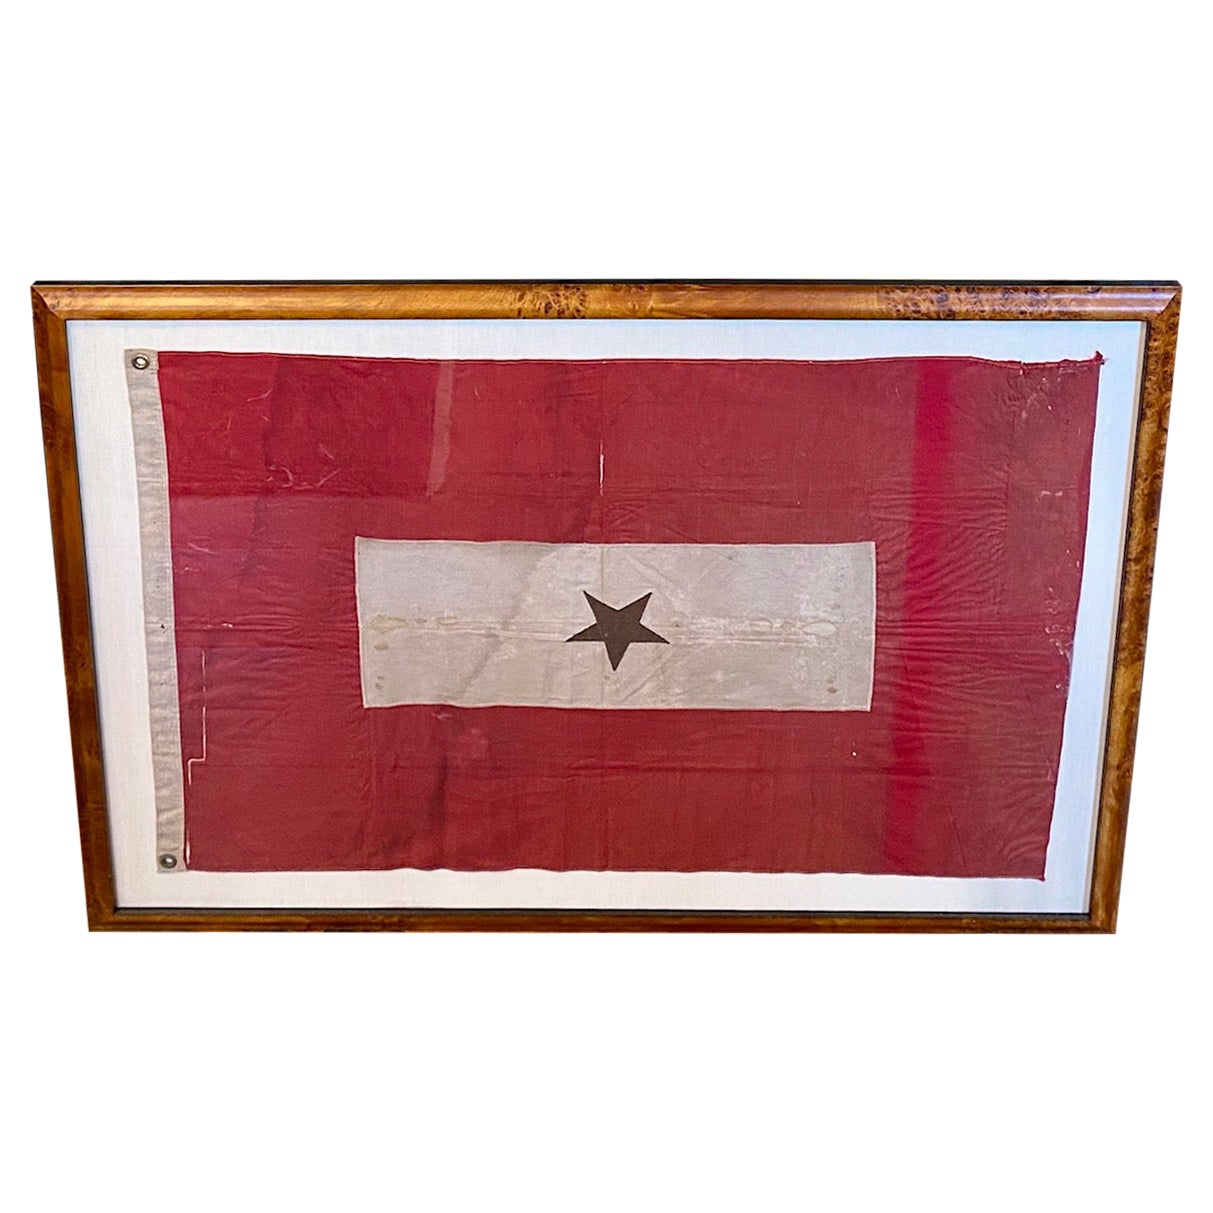 Historic American Blue Star Flag, circa 1917
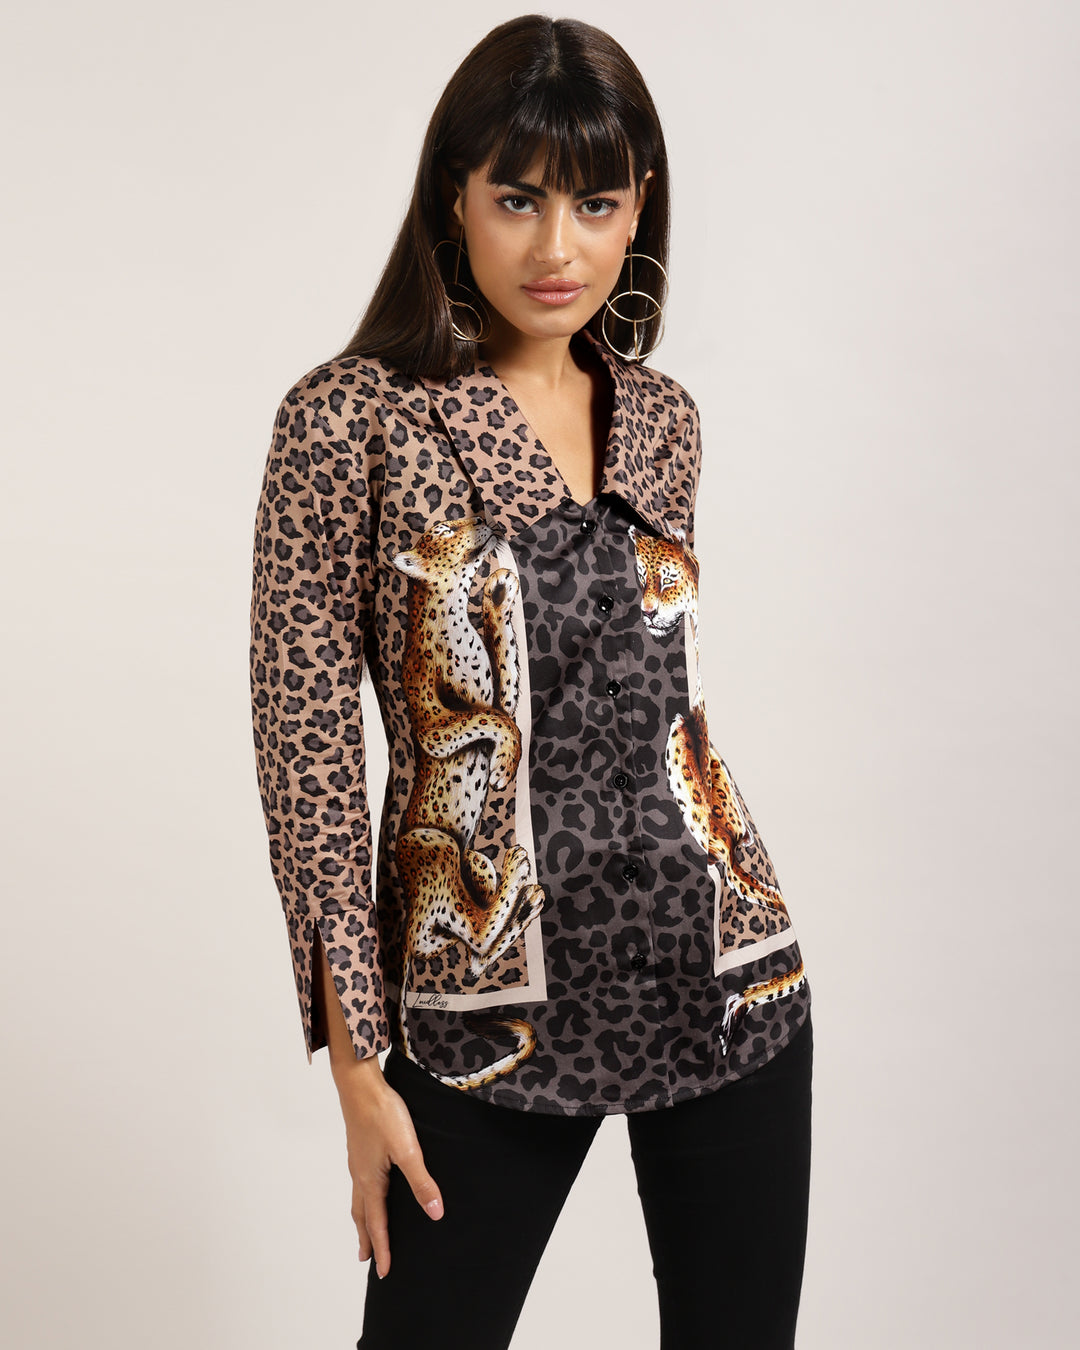 "Luxury Women's Leopard Print Shirts"
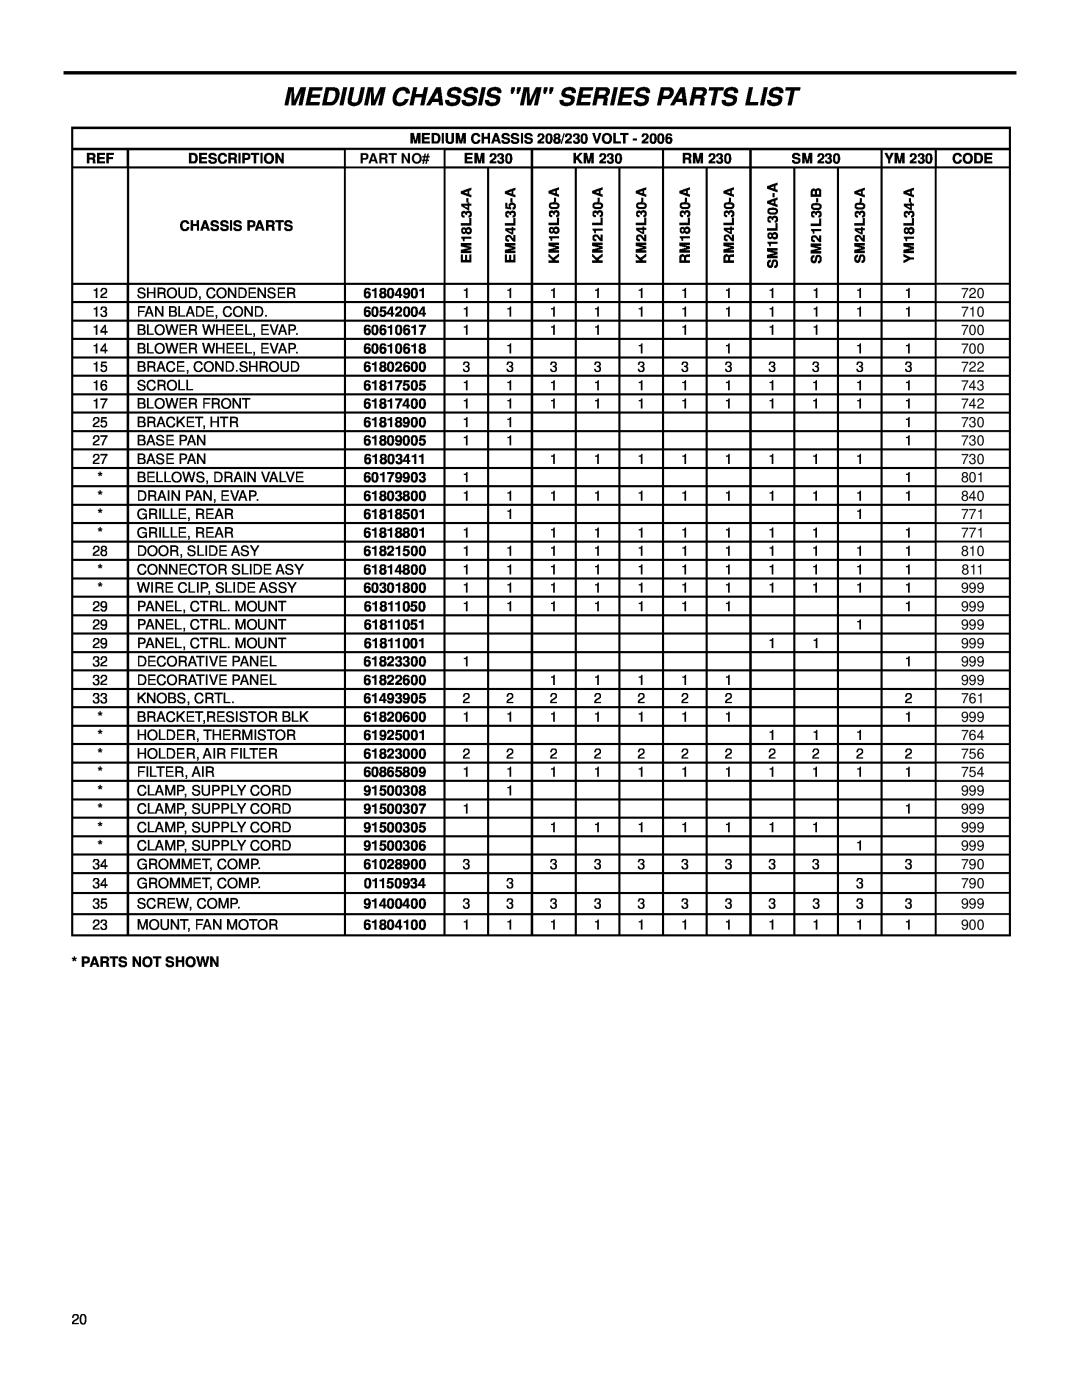 Friedrich 2006 manual Medium Chassis M Series Parts List, Shroud, Condenser
======
◆ **YOUR GOAL**:
Repeat, exactly and only, the lines from the one containing "Women's Leopard Print" through the final line of the data, both ends included, leaving out any picture.

◆ **TASK SOLUTION**:
 "Luxury Women's Leopard Print Shirts"
 Friedrich 2006 manual Medium Chassis M Series Parts List, Shroud, Condenser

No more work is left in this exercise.